Medium for batch cultures grown to the mid-exponential phase contained glucose (80 mM) as the carbon source, and the respiratory oxidants NaNO3 and NaNO2 were added to 40 mM and 5 mM, respectively. Medium for overnight cultures arrested in the mid-exponential phase (13) contained glucose (6 mM), glucose plus NaNO3 (4 mM and 10 mM, respectively), or glucose plus NaNO2 (6 mM and 8 mM, respectively) as indicated. These concentrations were determined empirically to support growth to the mid-exponential phase (about 35 to 40 Klett units).
Cultures were grown at 37°C. Culture densities were monitored with a Klett-Summerson photoelectric colorimeter (Klett Manufacturing Co., New York, N.Y.) equipped with a number 66 (red) filter. Anaerobic cultures for enzyme assays were grown in screw-cap tubes as described previously (30).
Enzyme assay. ß-Galactosidase activities were determined at room temperature (approximately 21°C) by following the hydrolysis of o-nitrophenyl-ß-D-galactoside in CHCl3-sodium dodecyl sulfate-permeabilized cells. Specific activities are expressed in arbitrary units (22). All cultures were assayed in duplicate, and reported values are averages from at least two independent experiments.

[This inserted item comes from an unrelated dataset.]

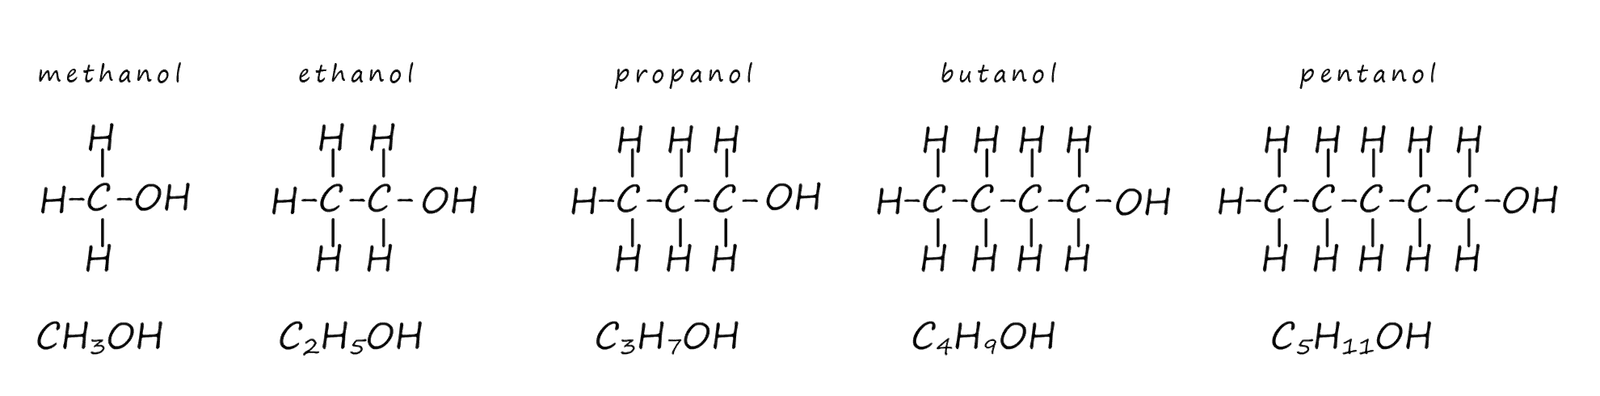 Structural formula, molecular formula and displayed formula for the alcohols methanol, ethanol, propanol, butanol and pentanol.

Construction of operator-substituted lac control regions. Oligonucleotide-directed site-specific mutagenesis was used to introduce substitutions into the lac operon control region. Mutagenesis followed either the ampicillin selection protocol (16) or the QuickChange protocol (Stratagene Cloning Systems, La Jolla, Calif.), as described previously (1). The high-fidelity thermostable DNA polymerase was Accuzyme (Bioline USA, Reno, Nev.).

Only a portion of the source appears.